**Exercise**
Reproduce the section of the listing that begins at the line containing "Top table: Seated" and finishes at the line containing "Hodao 8.9inch Resin". Include both end lines and nothing beyond them.

**Data section**
········
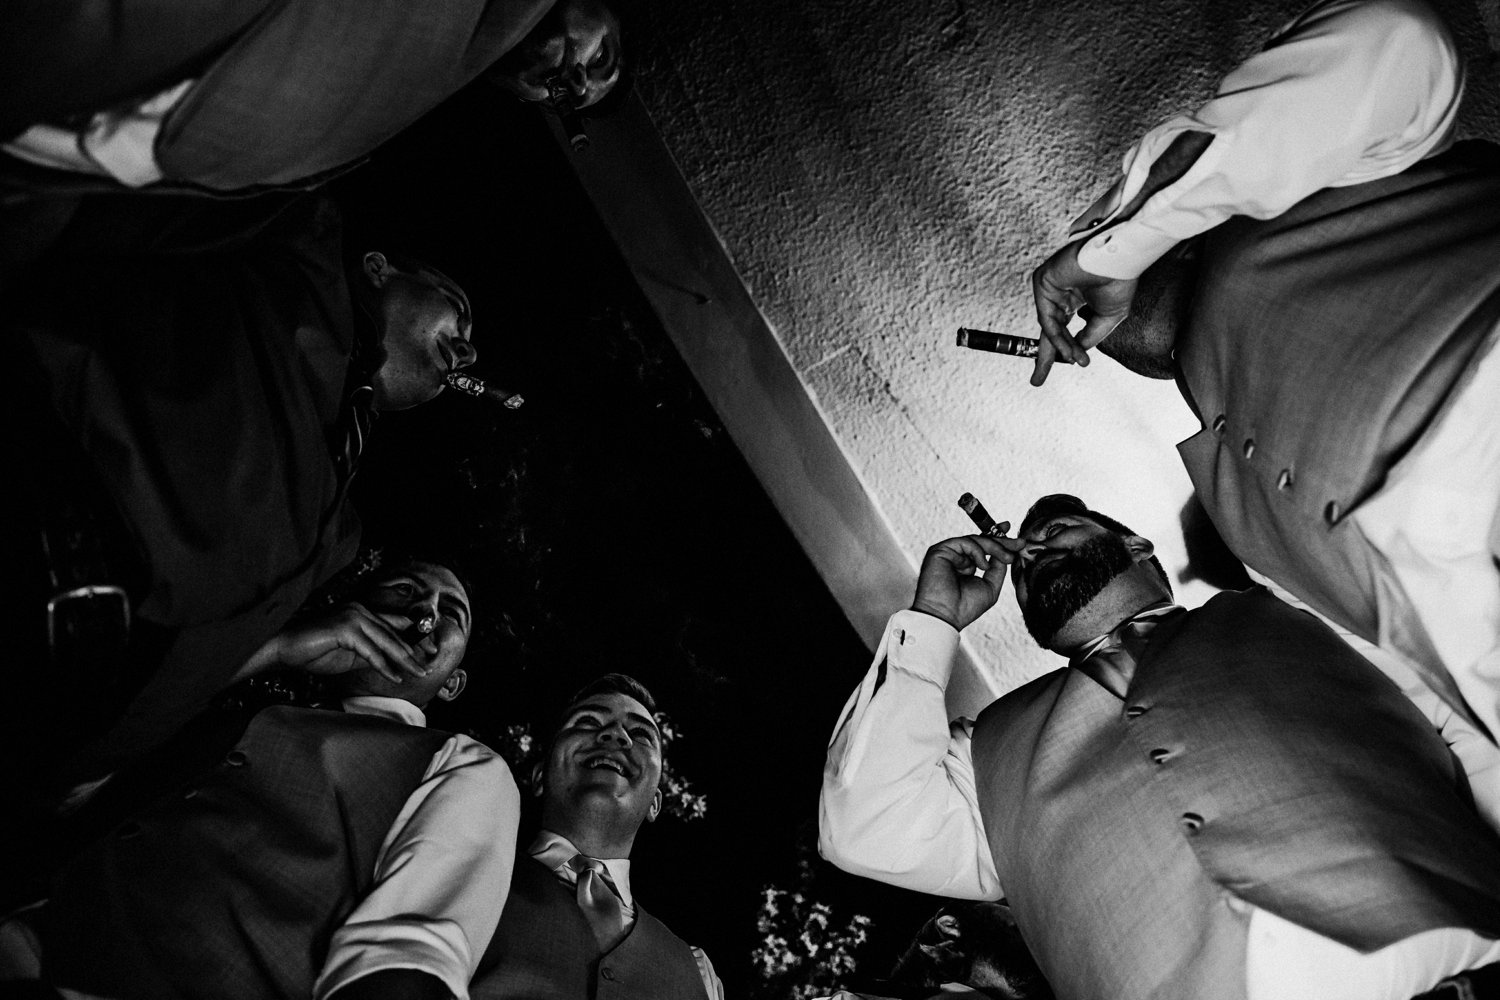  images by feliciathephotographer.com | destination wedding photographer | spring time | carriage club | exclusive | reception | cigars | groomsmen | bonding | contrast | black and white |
········
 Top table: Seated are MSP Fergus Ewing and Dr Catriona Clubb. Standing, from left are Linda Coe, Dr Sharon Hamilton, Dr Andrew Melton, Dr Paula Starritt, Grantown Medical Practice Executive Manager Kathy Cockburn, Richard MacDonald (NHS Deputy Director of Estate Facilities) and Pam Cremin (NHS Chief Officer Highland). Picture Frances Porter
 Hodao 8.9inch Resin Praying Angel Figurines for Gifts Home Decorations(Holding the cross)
········
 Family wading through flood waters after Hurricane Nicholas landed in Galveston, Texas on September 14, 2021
········
**Written response**
 Top table: Seated are MSP Fergus Ewing and Dr Catriona Clubb. Standing, from left are Linda Coe, Dr Sharon Hamilton, Dr Andrew Melton, Dr Paula Starritt, Grantown Medical Practice Executive Manager Kathy Cockburn, Richard MacDonald (NHS Deputy Director of Estate Facilities) and Pam Cremin (NHS Chief Officer Highland). Picture Frances Porter
 Hodao 8.9inch Resin Praying Angel Figurines for Gifts Home Decorations(Holding the cross)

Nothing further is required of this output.